Hubby’s dad seems to be feeling better. His stats prove it. After two surgeries, plus multiple other procedures, a big chunk of the tumor has been removed, his kidneys are draining via two tubes inserted into each side of his back, and the irrigation of his bladder is resulting in bags of less- and less-red-looking fluid. He’s still confused, but not to the point of hostility (at least, during the day), amiably accepting each time he is reminded he’s in the hospital and can’t get up to take a shower or that Hubby’s uncle isn’t expecting him for lunch.
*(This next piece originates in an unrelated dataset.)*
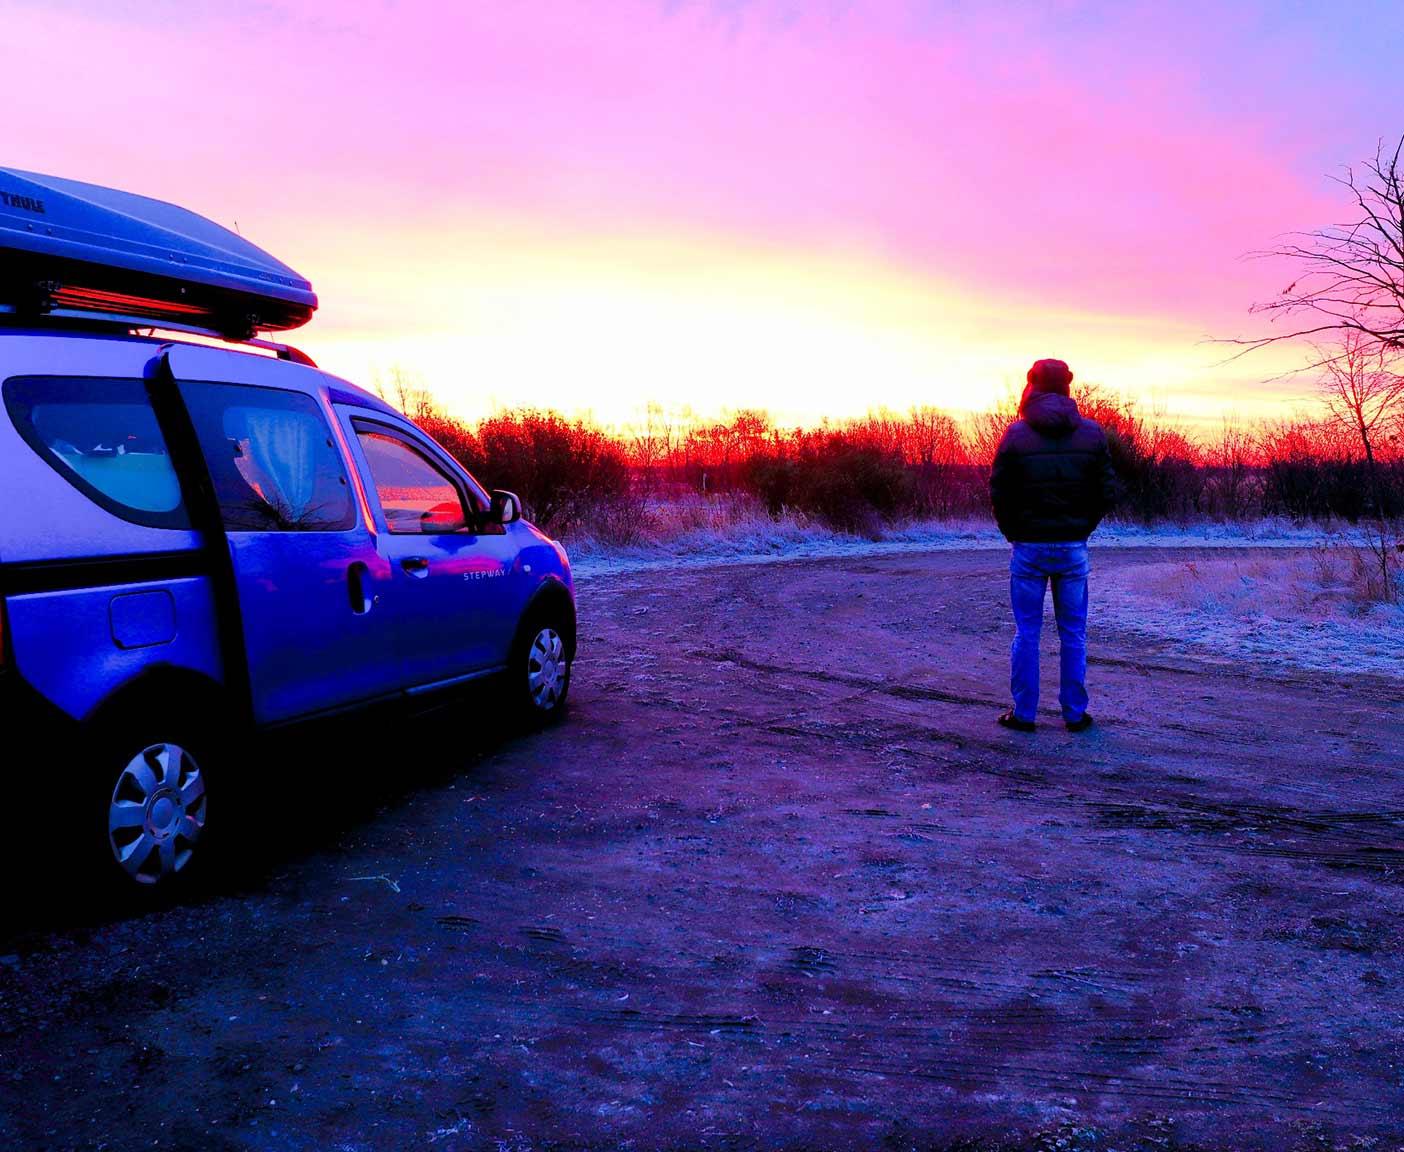 Dacia-stepway-preis-mikrocamper-automatik-kombi-logan-rene kreher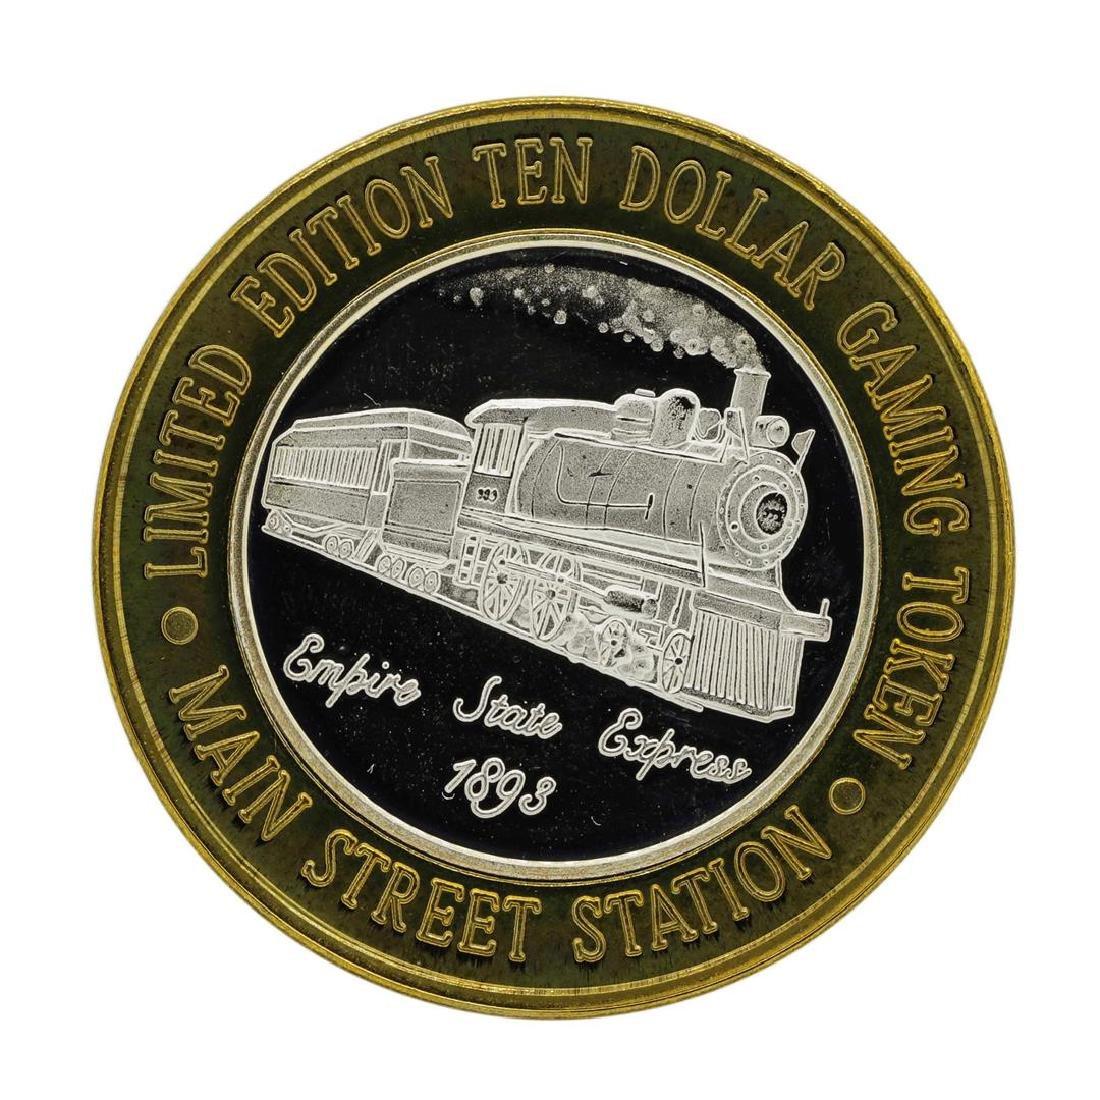 .999 Silver Main Street Station Las Vegas, NV $10

We’ve been on rotating “shifts” the past few days, Hubby’s uncle early in the morning, then his brother, then Hubby and me, and finally a nurse the family hired to stay with my father-in-law overnight. He’s hardly slept, which is probably why nights have been so difficult for him. He asks when his sons will visit him, calls them in the middle of the night, tries to get out of bed, pulls at tubes and tape and the cannula up his nose.
This is what still worries me. Hubby extended his visit by four days, hoping that his dad will be released by then, hoping that he can help his dad get re-settled at home before he leaves. My hope is that, once he’s back in a familiar environment, the confusion will
stop lessen considerably. They are in the process of getting someone to stay with him at least 10 hours a week, just to check on him, take him shopping (that’s a whole ‘nuther story–how he lost his license), make sure he’s keeping up with his daily routines.
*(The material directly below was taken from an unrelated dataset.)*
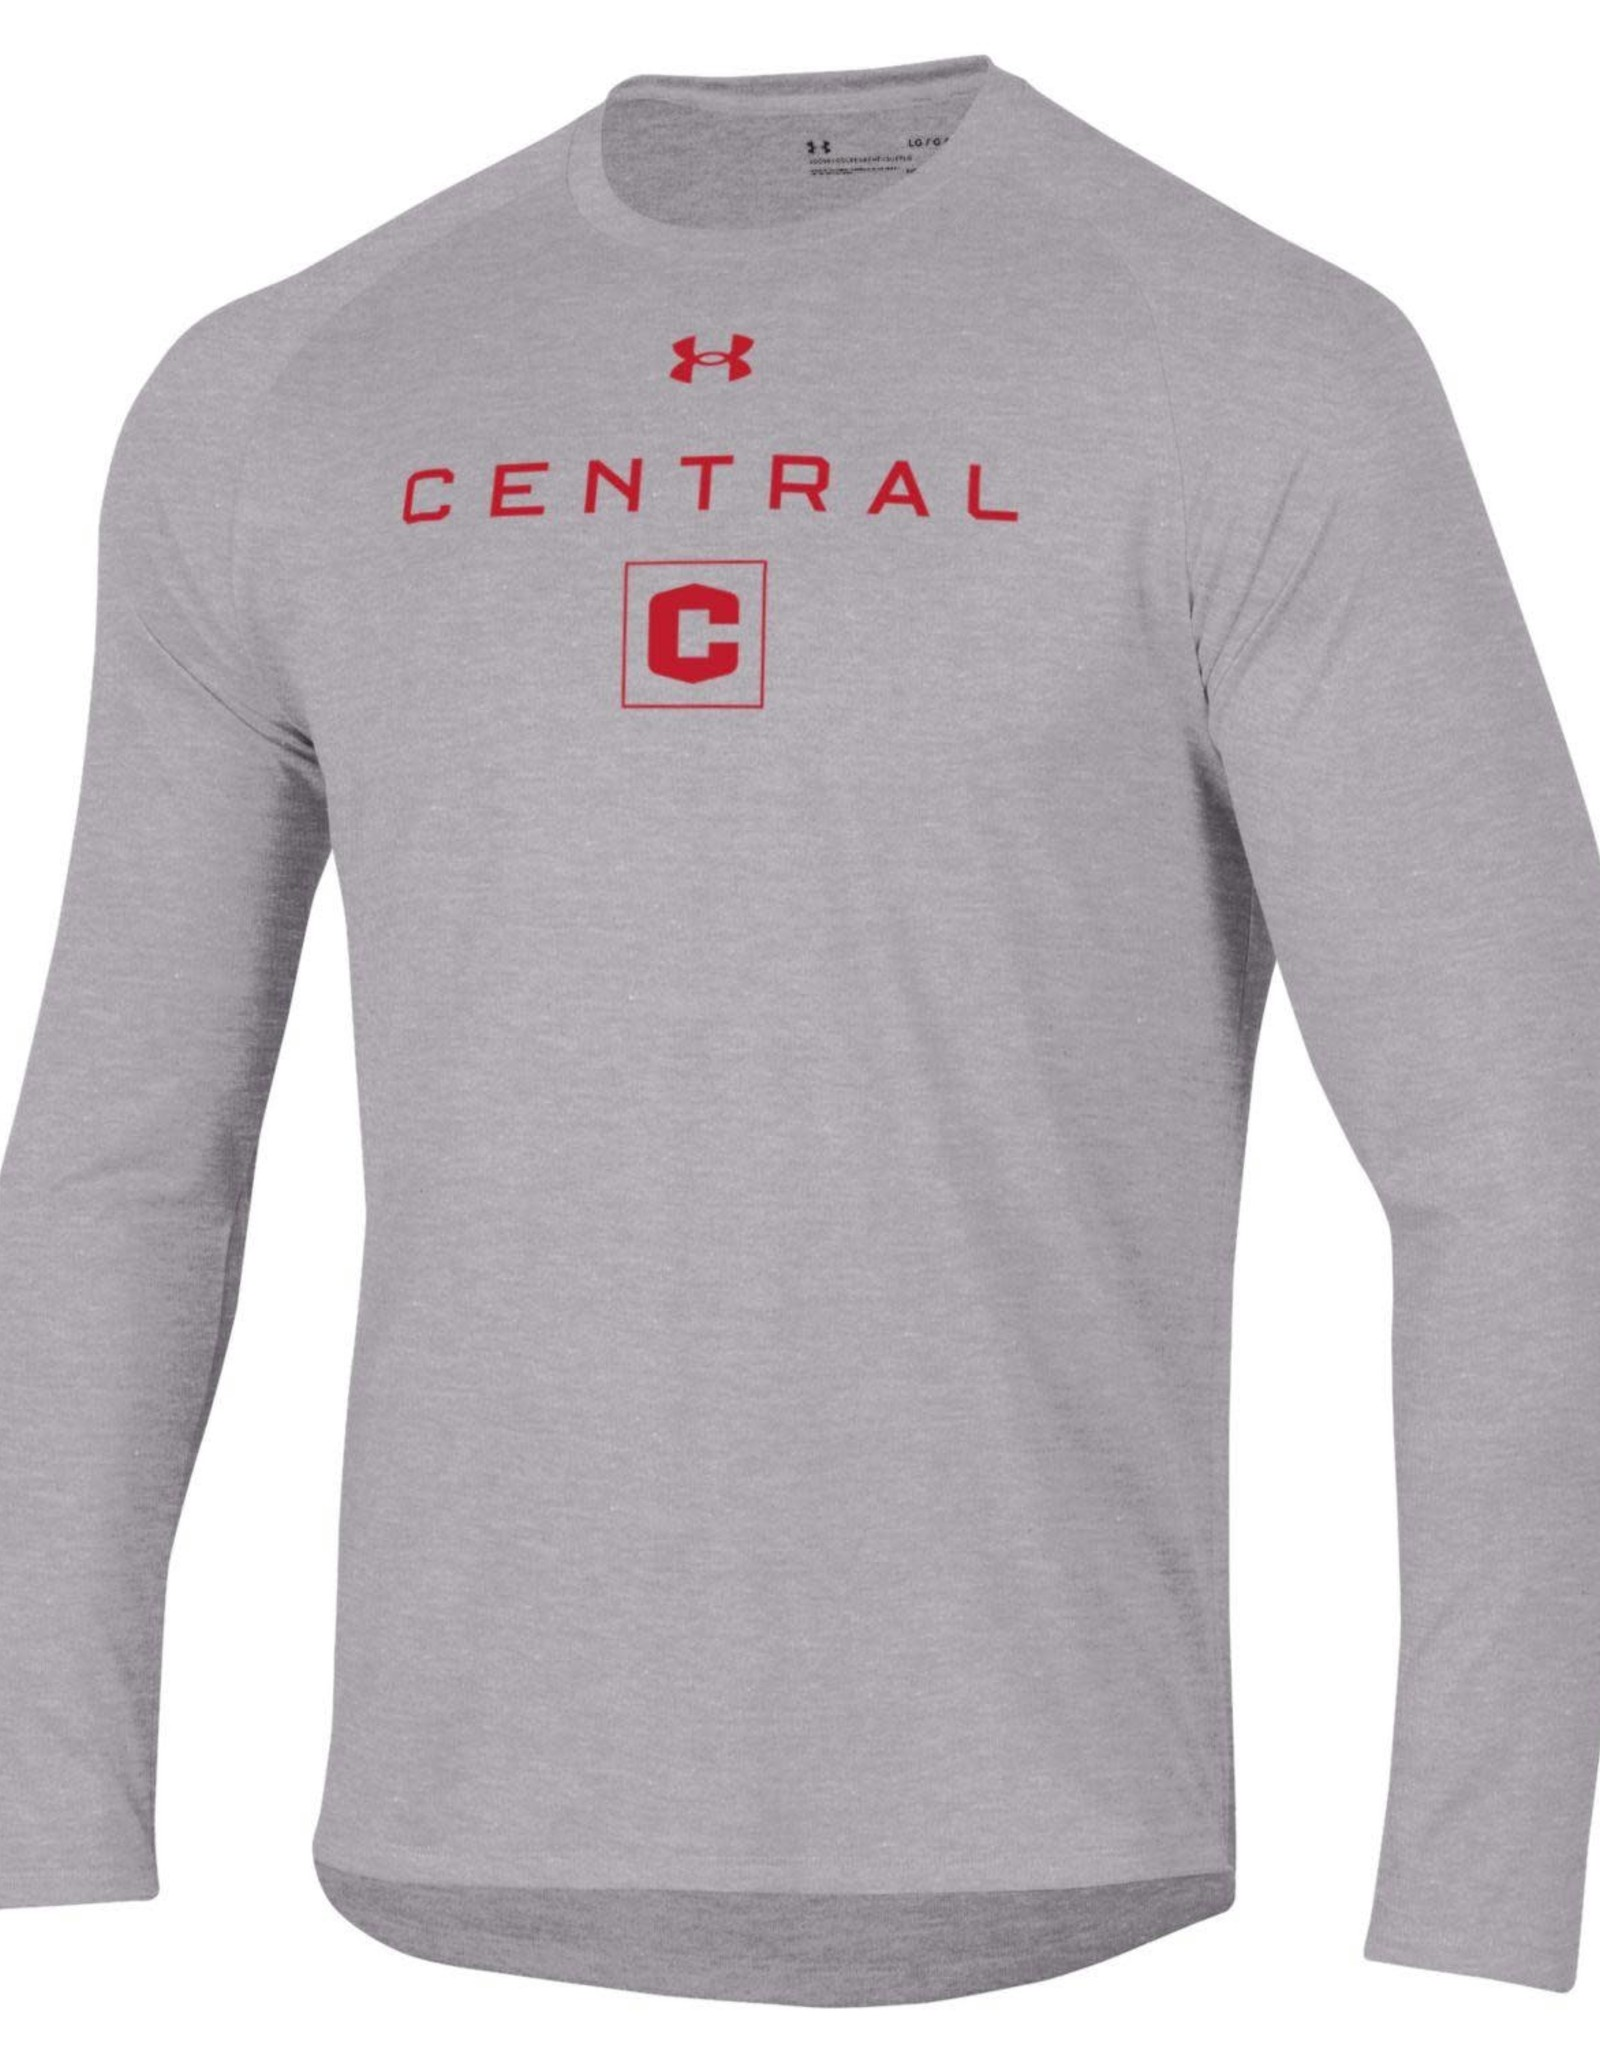 UA UA Tech Tee Central C Box LS Gray

I’m leaving tonight. Without my husband. I’ll be traveling alone again, but if the last time proved anything, it’s that I’m a big girl and I can handle it. Still, I hate to leave him with so much uncertainty. He has to come back in four days, regardless of how his dad is doing. We can’t extend his stay any further than that. For one thing, the day he is now set to arrive is the day we’re both to start a round of antibiotics for this upcoming IVF cycle. For another, I’ll miss him. And he ‘s already saying how much he’ll miss me.
So, while I leave tonight feeling better about his dad’s physical health improving, there is still so much we just don’t know. And that includes when we might be able to come back for another visit and/or for good.
I told Hubby the other day–only half-joking–that when he gets back, we need to take another vacation to recover from this one.